Canadian international assistance in Nigeria

With a population of about 193 million, Nigeria is the most populous country in Africa— with one fifth of all sub-Saharan Africans living within its borders.

Endowed with good access to skills, capital, technology, fertile land, oil and mineral resources, Nigeria has enormous potential. The country's return to civilian government in 1999, followed by sound fiscal policy decisions, has brought economic stability and real gains in rural incomes. Although going through an economic recession, Nigeria is still Africa's largest economy and its strategic geographic location makes its stability important to the region.

Nigeria’s challenges

Yet the challenges Nigeria faces are staggering: the country ranks 152 out of 188 countries on the United Nations 2016 human development index. More than 62% of Nigerians (119 million people of the 193 million) live on less than $1.90/day. The same number is under 24 years of age.

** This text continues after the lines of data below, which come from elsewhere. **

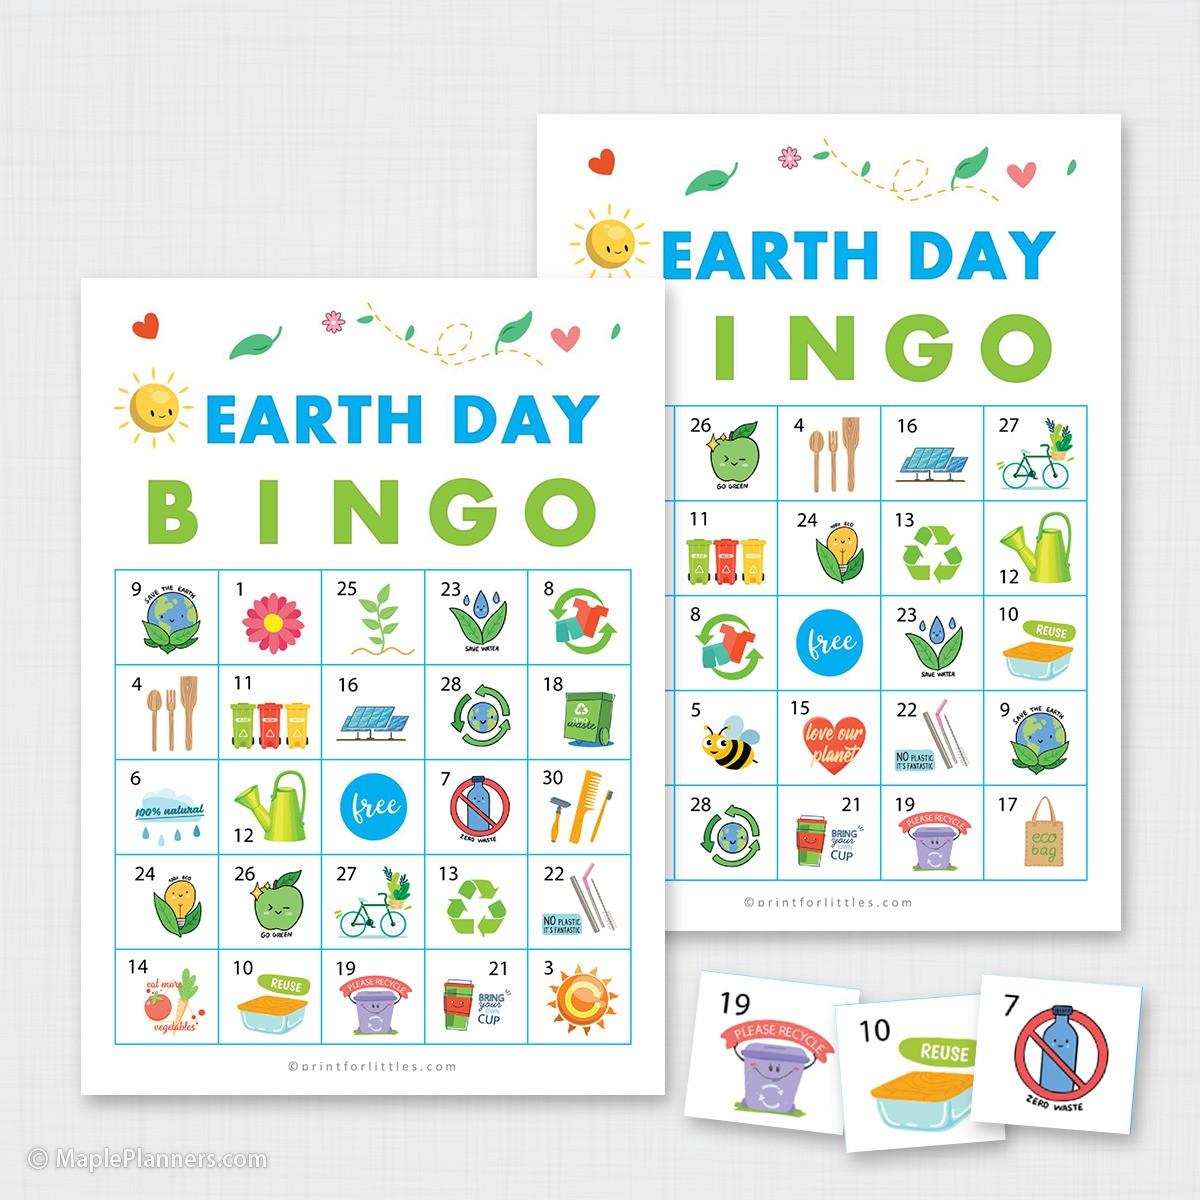 Premium Earth Day Bingo Printable Cards
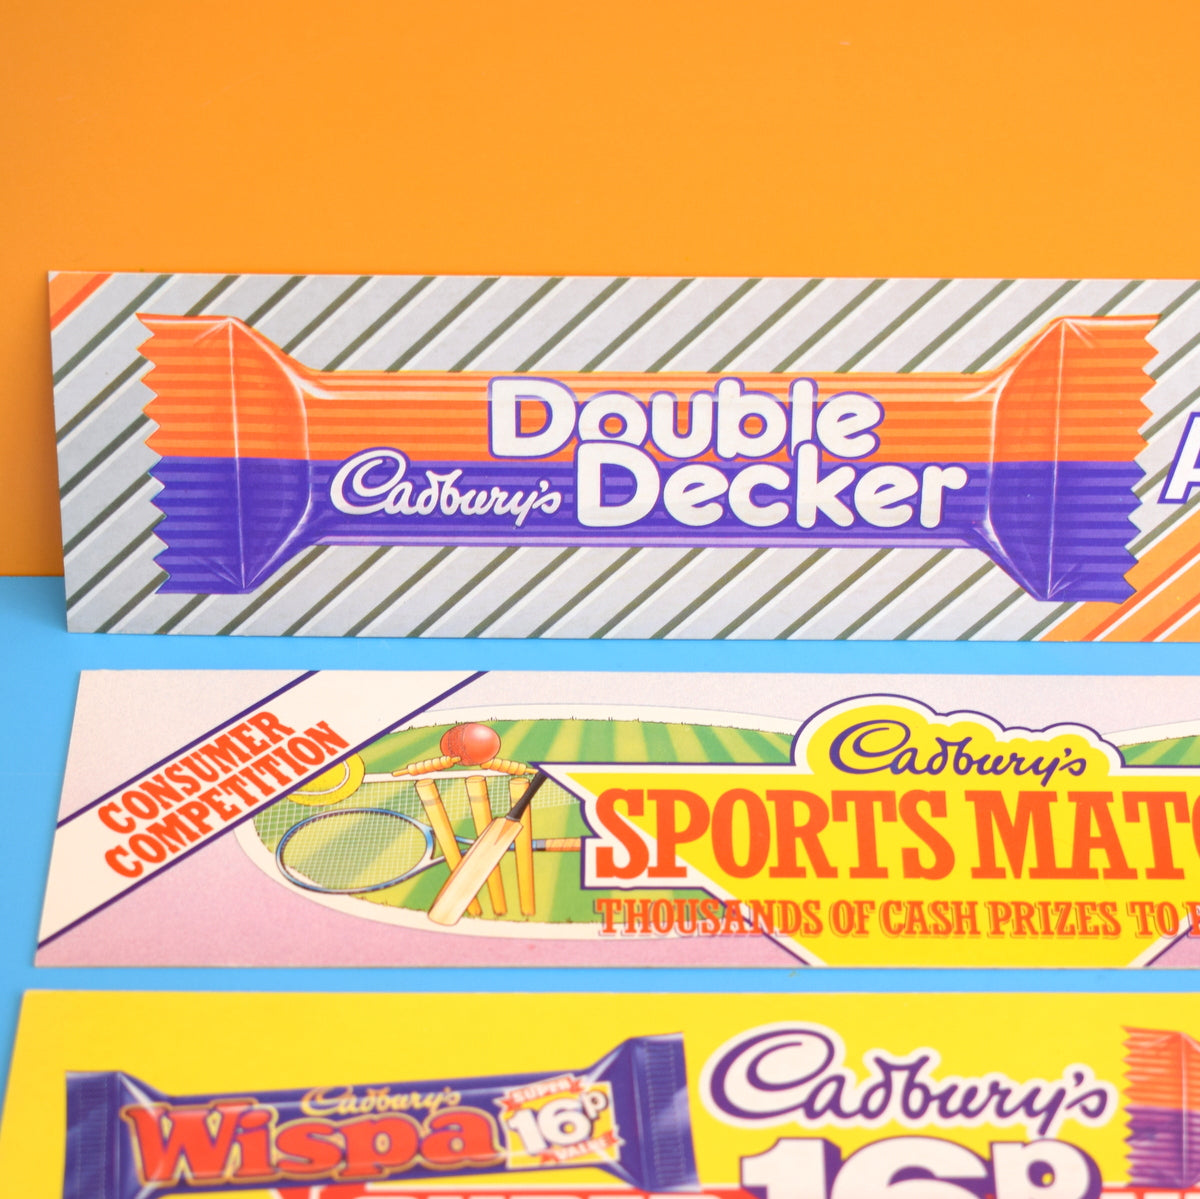 Vintage 1990s Cadbury's Chocolate Advertising Signs
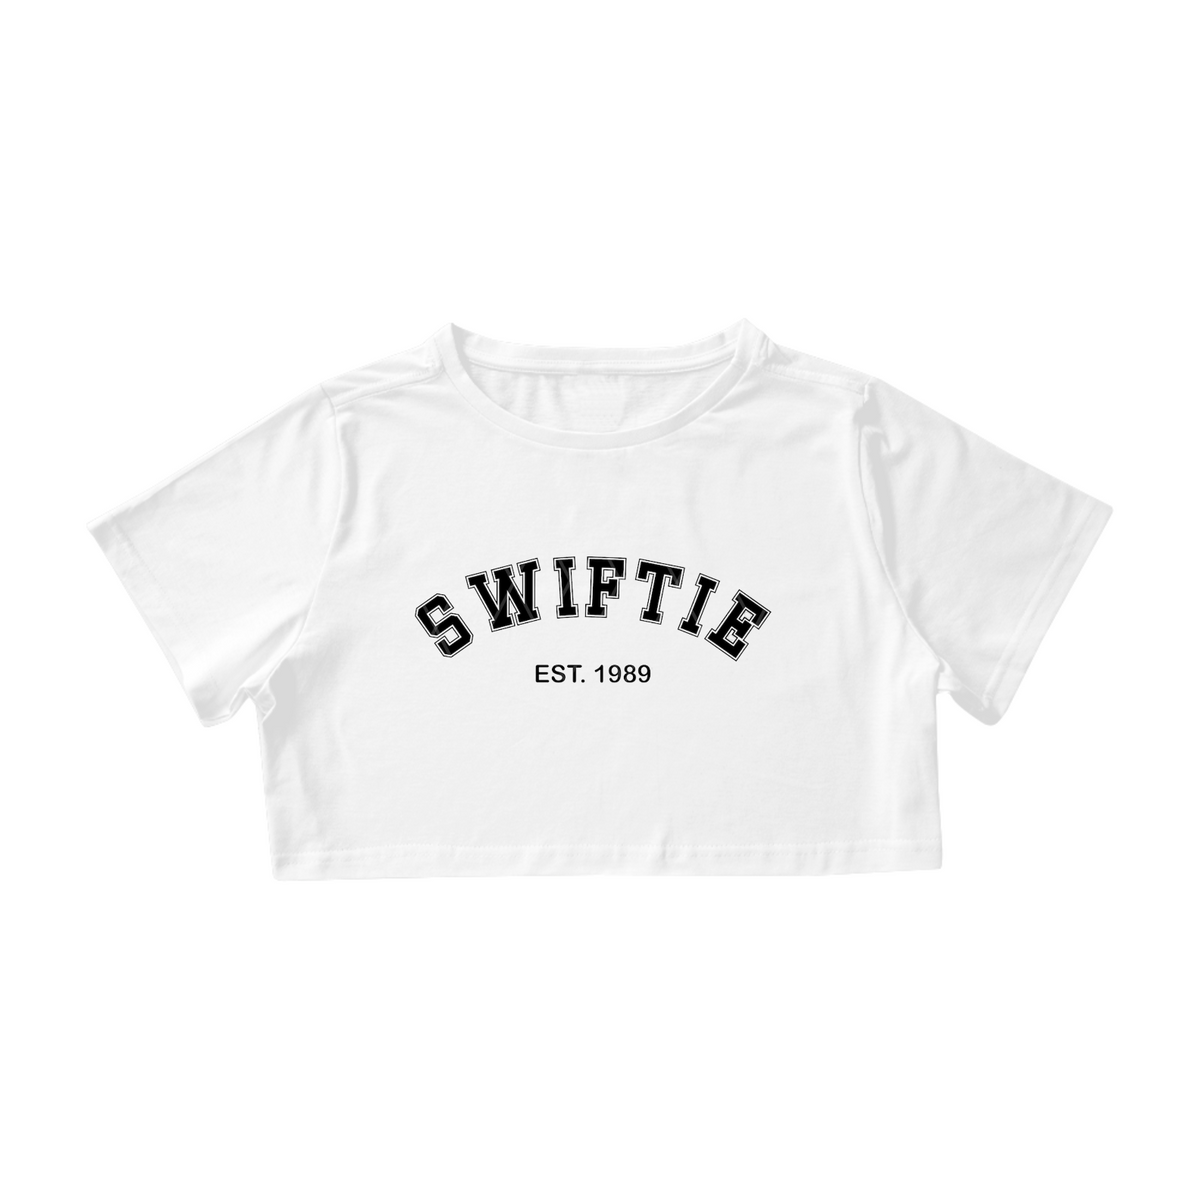 Nome do produto: CROPPED - SWIFTIE | TAYLOR SWIFT

Nigerians, particularly women and children, experience some of the worst threats to health in Africa. Despite having only two% of the world’s population, Nigeria accounts for 14% of global maternal mortality. One in six children born in Nigeria will not reach his or her fifth birthday, and the country has the second-highest rate of newborn deaths worldwide.

The maternal mortality rate is 814 deaths per 100,000 live births; neonatal mortality is 39 deaths per 1,000 live births; infant mortality is 78 deaths per 1,000 live births; and out of 1,000 children under the age of five, 124 die.

Nigeria also has low immunization coverage and is one of the three remaining endemic countries for polio. Access to basic public services is grossly inadequate to meet the needs of the greater part of the population.

Nigeria is a young and relatively stable democracy. Its public institutions are still fragile and face the challenge of encouraging unity in a country divided along lines of ethnicity, religion, regionalism and class—each with vastly opposing interests.

Instability and insecurity are major risk factors, and the country has suffered from significant violence since 2010. Poverty and inequality affect Nigerian women disproportionately, fuel violence and make youth vulnerable to radicalization by terrorist movements such as Boko Haram. Nigeria is also one of the countries most threatened by climate change impacts and desertification. Three out of four rural Nigerians depend on natural resources for their livelihood.

Our international development assistance

Search the Project Browser to see what Canada is doing to support development in Nigeria.

Canada draws on the priorities identified by the Government of Nigeria and state-level strategies, to guide its international development programming in the country.

Canada works closely with Nigeria to improve health outcomes for mothers, newborns and children and to help eradicate polio. Increasingly Canada’s programming investments are addressing gaps in sexual and reproductive health and rights of women and girls.

Likewise, the need for meaningful, sustainable employment, especially for women and youth, is a critical issue. This is addressed through the program’s work to improve agriculture- based livelihoods in disadvantaged rural areas.

Health and rights of women and children

The Program is addressing the gaps in the coverage and utilization of sexual and reproductive health services among women. Canada is also helping Nigeria increase child survival by improving primary health care systems at the local level and reducing preventable childhood diseases. This includes support to enhance the skills and knowledge of front line community health workers.

Selected examples of expected results:

Canada is working with Nigerian organizations and government bodies to improve skills and increase business opportunities for the Nigerian workforce in agriculture to address the need for meaningful, sustainable employment, especially for women and youth. These are key to long-term sustainable economic growth.

Selected examples of expected results:

Progress on aid effectiveness

Nigeria adheres to the Paris Declaration on Aid Effectiveness. Donors are working together to harmonize aid programs and align them with local priorities.

Canada supports efforts to improve harmonization, information and accountability in the Nigerian health sector, and signed the 2010 Health Sector Compact, initiated by the International Health Partnership.Through this commitment, Canada has increased efforts to work in harmonization with other development partners and to align its programs with the plans and priorities of the Government of Nigeria, particularly the Nigeria National Health Sector Development Plan (NSHDP 2010-2015 and upcoming 2016-2020 NSHDP 2) and the Integrated Maternal, Newborn and Child Health (IMNCH) Strategy.